The Correct Option is C

Step 1: Solve the differential equation.
The given equation is \( y'' - y' - 2y = 0 \), a second-order linear homogeneous differential equation with constant coefficients. Assume a solution of the form \( y = e^{rx} \). The characteristic equation is: \[ r^2 - r - 2 = 0. \] Solve the quadratic: \[ r = \frac{1 \pm \sqrt{1 + 8}}{2} = \frac{1 \pm \sqrt{9}}{2} = \frac{1 \pm 3}{2}, \] \[ r = 2 \quad \text{or} \quad r = -1. \] Since the roots are distinct, the general solution is: \[ y = c_1 e^{r_1 x} + c_2 e^{r_2 x} = c_1 e^{2x} + c_2 e^{-x}, \] where \( c_1 \) and \( c_2 \) are arbitrary constants. Step 2: Evaluate the options.

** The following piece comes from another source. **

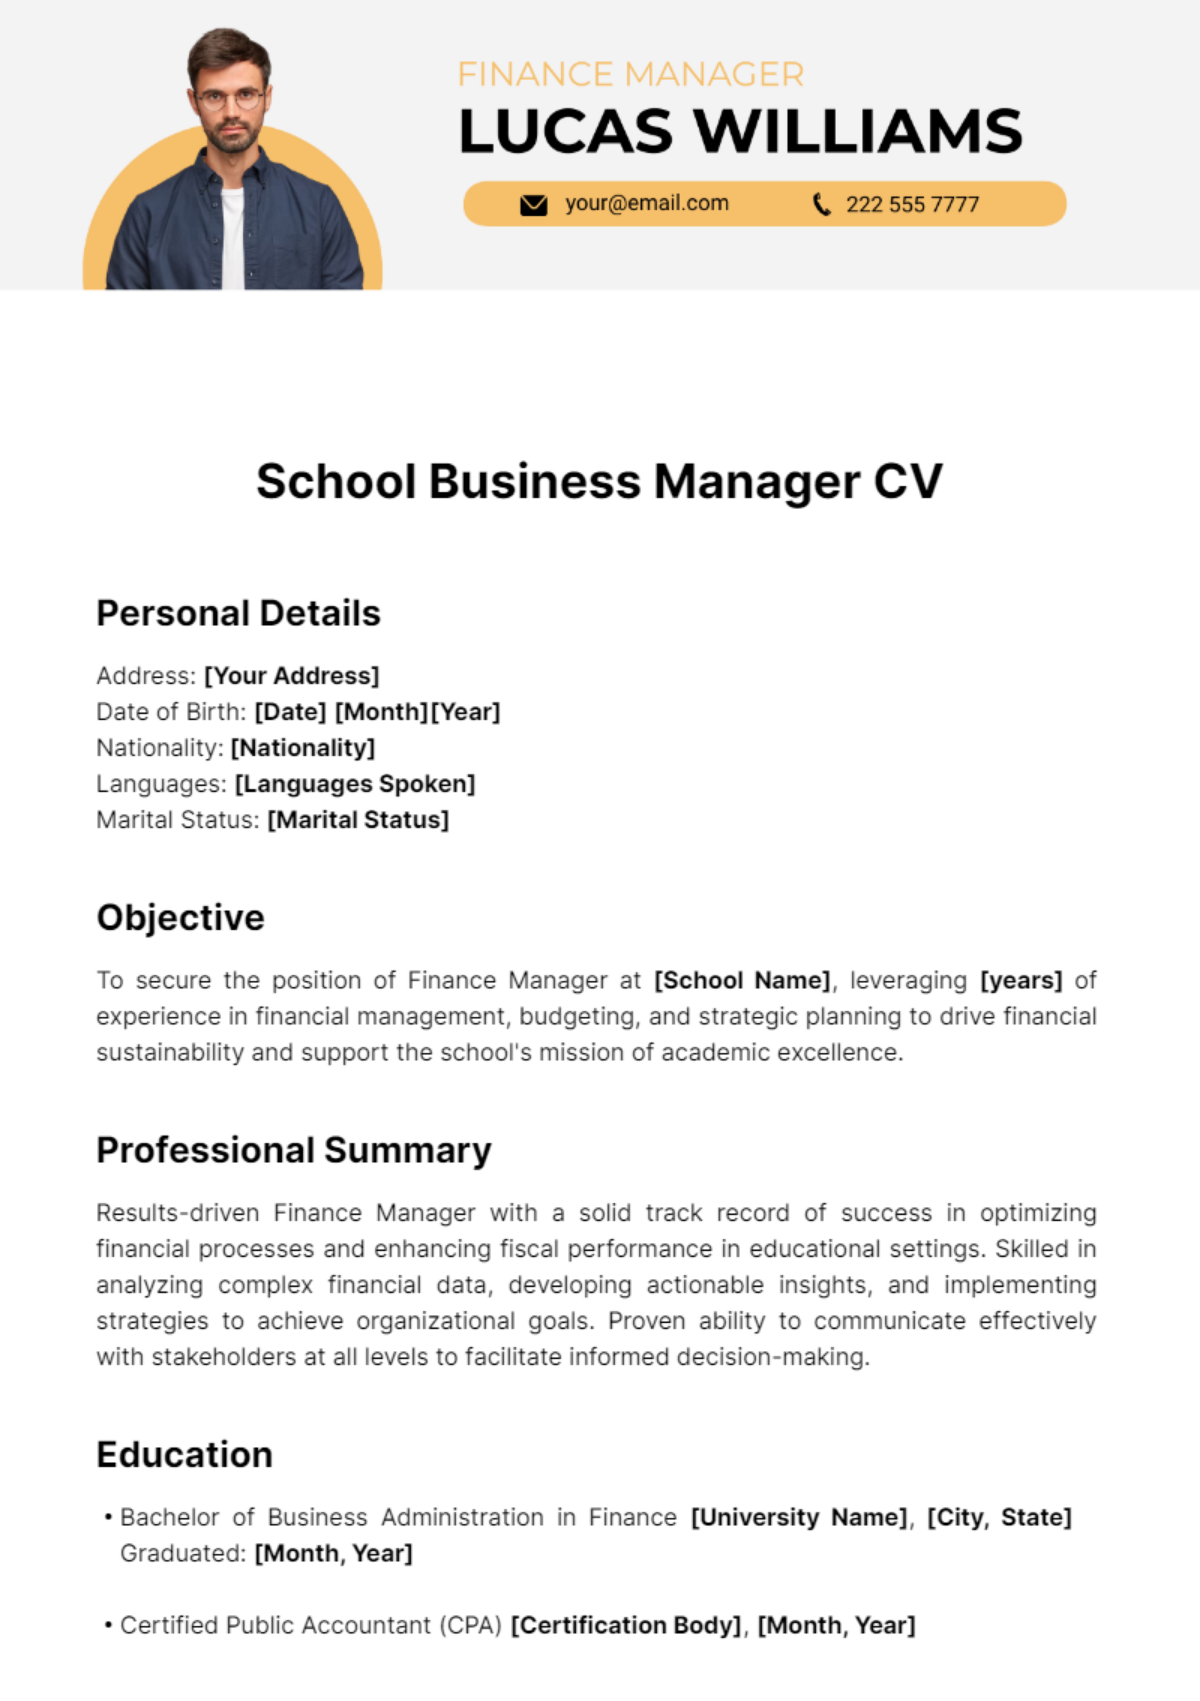 School Business Manager CV Template

(1) \( e^{2x} + e^{-2x} \): Incorrect, as the second exponent should be \( e^{-x} \), not \( e^{-2x} \), and it lacks arbitrary constants. Incorrect.
(2) \( c_1 e^{2x} + c_2 e^{-2x} \): Incorrect, as the second exponent should be \( e^{-x} \), not \( e^{-2x} \). Incorrect.
(3) \( c_1 e^{2x} + c_2 e^{-x} \): Correct, matches the general solution. Correct.
(4) \( e^{2x} - c_2 e^{-2x} \): Incorrect, as the second exponent is wrong, and the first term lacks a constant coefficient. Incorrect.
Step 3: Select the correct answer.
The solution is \( c_1 e^{2x} + c_2 e^{-x} \), matching option (3).